Back in March, the school board received a request from an unnamed community member, which said Iroquois is a “colonial settler term for the Haudenosaunee and is seen as a derogatory term and is not respectful of Indigenous peoples,” according to the school board’s summary of the complaint.

The Haudenosaunee, who live in central Canada and the eastern United States, were originally comprised of five Indigenous groups — Mohawks, Oneidas, Onondagas, Cayugas and Senecas — sometime between the 14th and 17th century. After 1722, the Tuscarora joined the confederacy.

After the request for renaming was received, the board passed a motion that initiated the renaming process. At the time, Heather Francey, the Halton District School Board’s manager of communications and engagement, said the role of trustees was not to debate whether or not Iroquois was offensive, in order “to avoid perpetuating further harm.”

“It has already been confirmed to be inappropriate,” said Francey.

It turned out not to be so clear-cut. In April, the board rescinded the motion that had begun the renaming process, and instead directed staff to consult with the Indigenous community “to determine whether or not to initiate the renaming process.”

That report was submitted to the board last Tuesday. While it contained no specific recommendation about whether the school should be renamed, Curtis Ennis, the director of education at the Halton District School Board, told trustees that he did not believe that route was best.

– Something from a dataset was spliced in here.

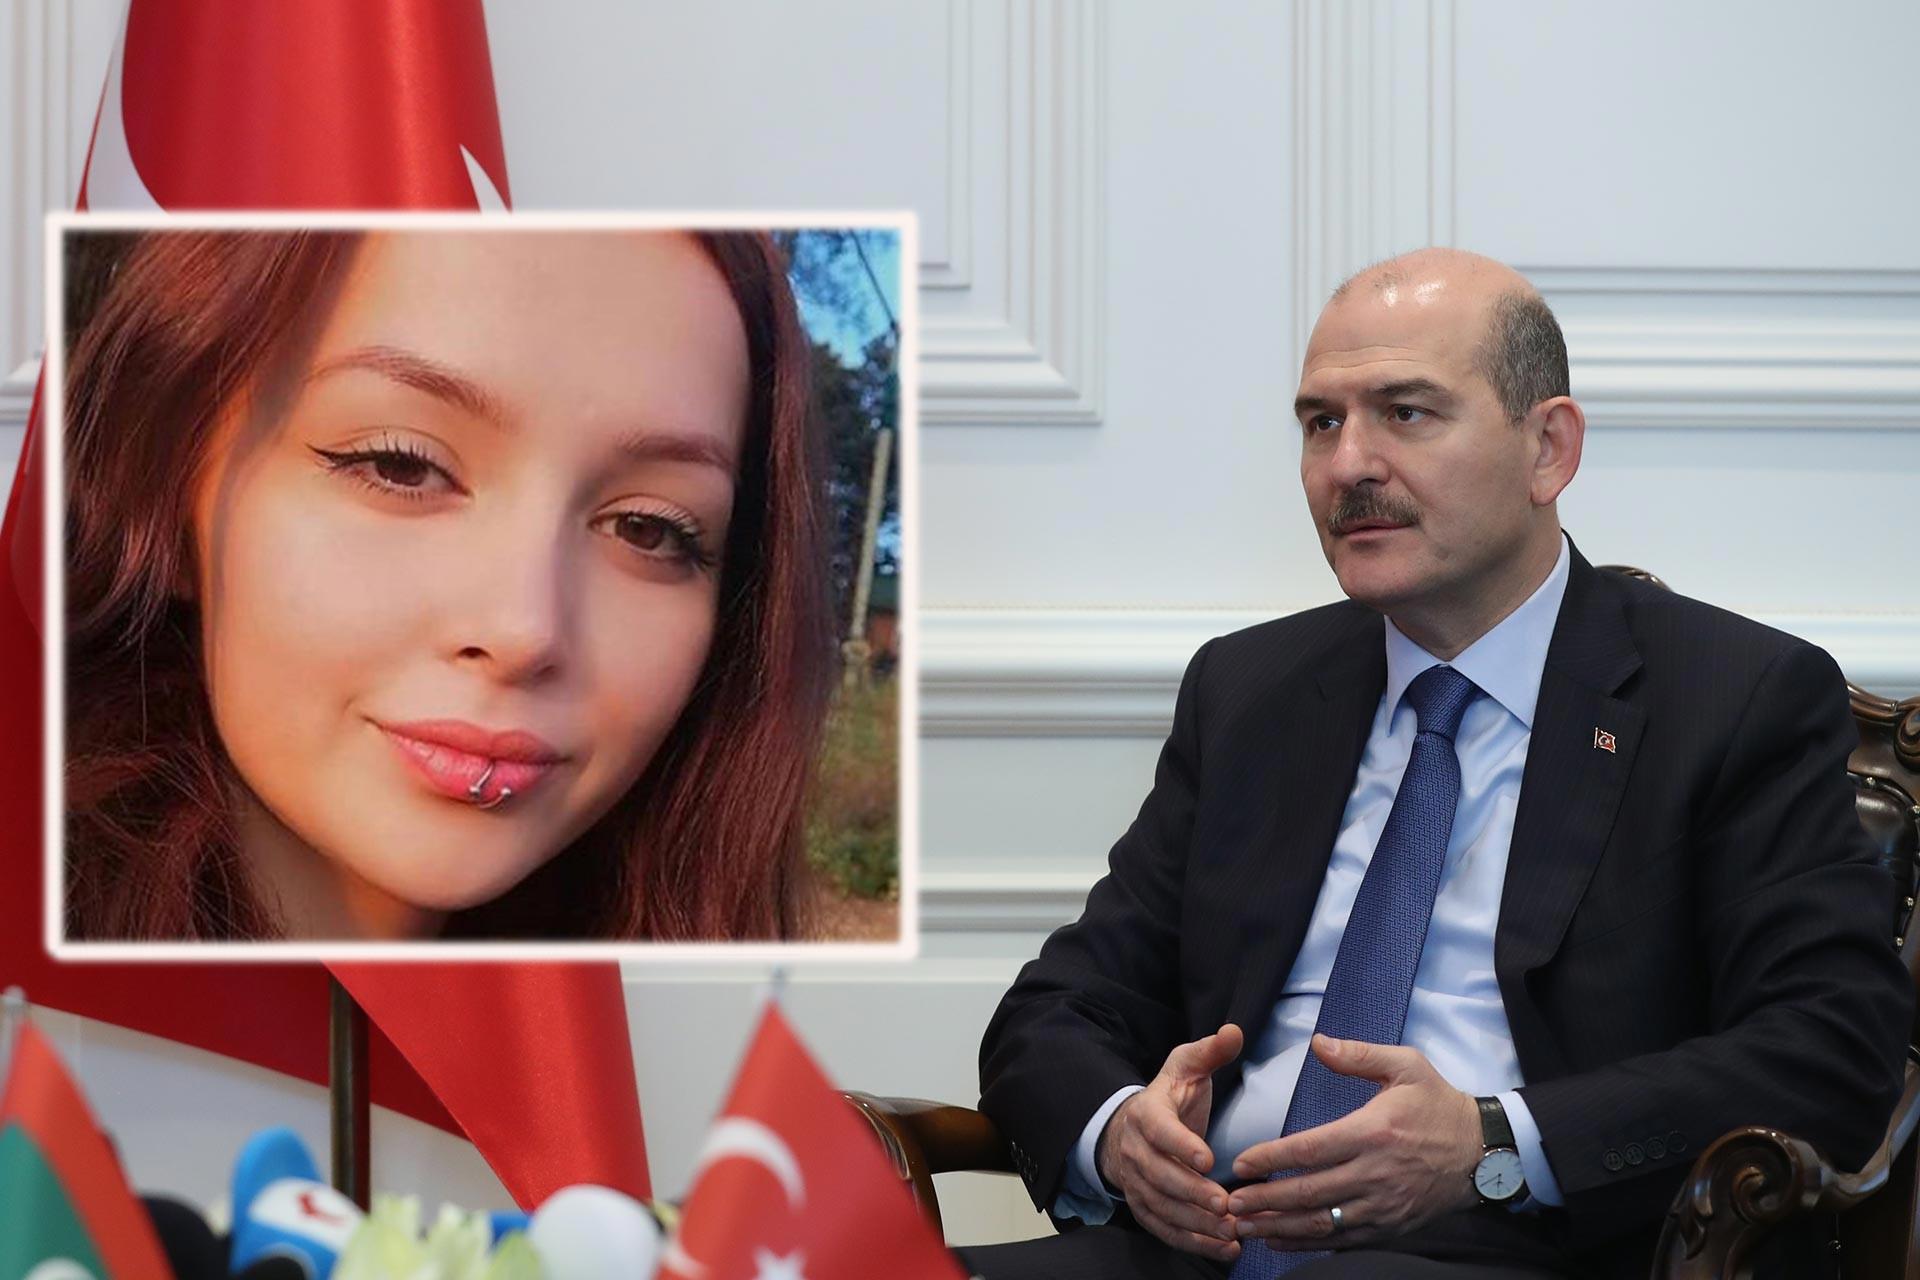 Ordu'da öldürülen Ceren Özdemir ve İçişleri Bakanı Süleyman Soylu

“In order to necessitate healing, bringing people together, not causing further harm, it would be my recommendation, support, for leaving things as they are at this time,” said Ennis.

The board’s staff consulted with “self-identified Indigenous families within the HDSB, Indigenous scholars, Indigenous elders, members of Six Nations of the Grand River, members of Mississaugas of the Credit First Nation, as well as advisors from the Ministry of Education, on the rationale for renaming Iroquois Ridge High School.”

“Some individuals recommend that the term ‘Iroquois’ remain, as it aligns with their individual identity, while others view the term as outdated and pejorative, and suggest that it would be beneficial to replace it. Still others expressed that while they understand the term as pejorative they do not take offence and posited that removing the name amounts to erasure,” the staff report says.

Some say that Iroquois is a name the French used and it translates to “snakes.” But back in March, Grandmother Renee Thomas-Hill, a Haudenosaunee elder, said that she was told it has a different meaning, that it referred to young men running through a forest bringing a message, “like a bird would bring a message.”

“But other people have given it a derogatory meaning,” she said.

Others have argued that it’s a phonetic translation of an ancient word referring to “America.”

Regardless, at a board meeting last Wednesday, the board opted to not go ahead with the renaming process.

There was some debate, however, about whether or not a commemorative plaque should be put up at the school “to provide historical context and information about the origin and significance of the school’s name,” said Tanya Rocha, who moved the motion.

Robbie Brydon, another trustee, said: “I am not certain that elevating with a commemorative plaque when part of our community says ‘ooh that name stings,’ is the right thing to do.”

In the end, the board voted and it was a tie, defeating the motion.

“I think that this process has really taught us that we can’t solely rely on the word of one group when it comes to matters that are Indigenous,” Rocha said at the meeting. “We as trustees should not be making decisions about Indigenous terms without speaking to the appropriate Indigenous people.”